LAND CLEARANCE FOR REDEVELOPMENT AUTHORITY
APPLICATION FOR CERTIFICATE OF QUALIFICATION FOR TAX ABATEMENT I.
DOCUMENTATION TO BE PROVIDED To apply to the Land Clearance for Redevelopment Authority of Kansas City, Missouri (the “Authority”) for a Certificate of Qualification for Tax Abatement, in accordance with the Land Clearance for Redevelopment Authority Law of Missouri, Section 99.300 through 99.715 R.S.Mo., 1986, as amended. Commercial and multi-family projects must have completed the Authority’s Design Review Process prior to starting construction or making application for tax abatement.
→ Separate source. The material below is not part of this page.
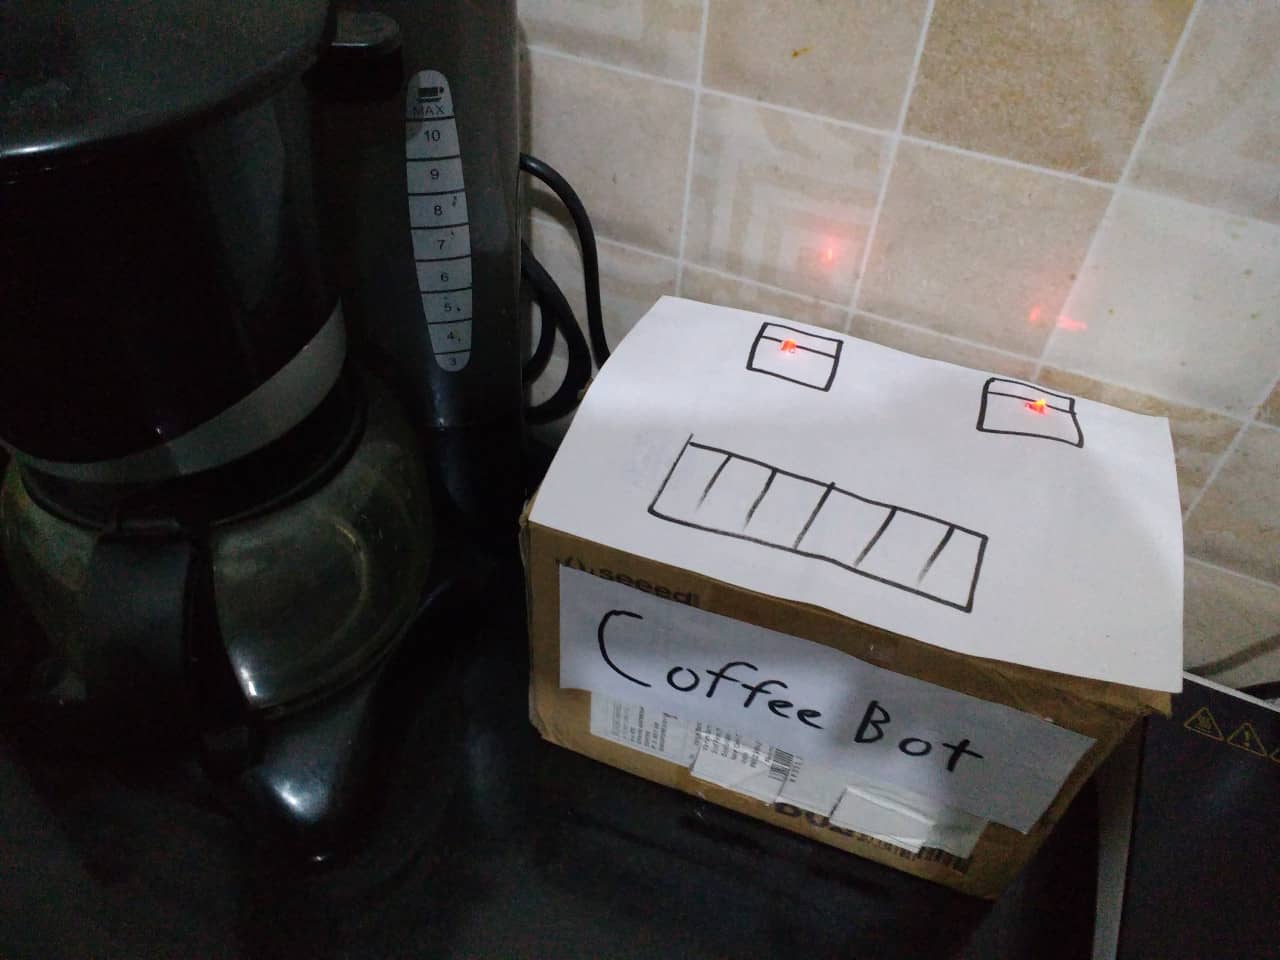 Coffee Bot

The following documents are required to apply for tax abatement: ____
Construction plans and/or rehabilitation/renovation plans, and a description of the scope of work. All plans are subject to the Authority’s Design Review Process, a copy of which may be obtained from the Authority.
____ Copies of contractor’s invoice(s). If construction/rehabilitation is being done by homeowner, a breakdown and copies of receipts must be provided. ____
Building permit(s) (copies).
____ At least one 4” x 6” or 5” x 7” photo of the property. Photos are also acceptable on disk or in digital form (JPEG, TIFF OR GIF files). ____
Copy of a recently-recorded Deed of Conveyance and/or title insurance policy (sufficient to provide proof of interest held by the Applicant, and a proper legal description of subject property) and/or a copy of Applicant’s rent/lease agreement affecting the subject property.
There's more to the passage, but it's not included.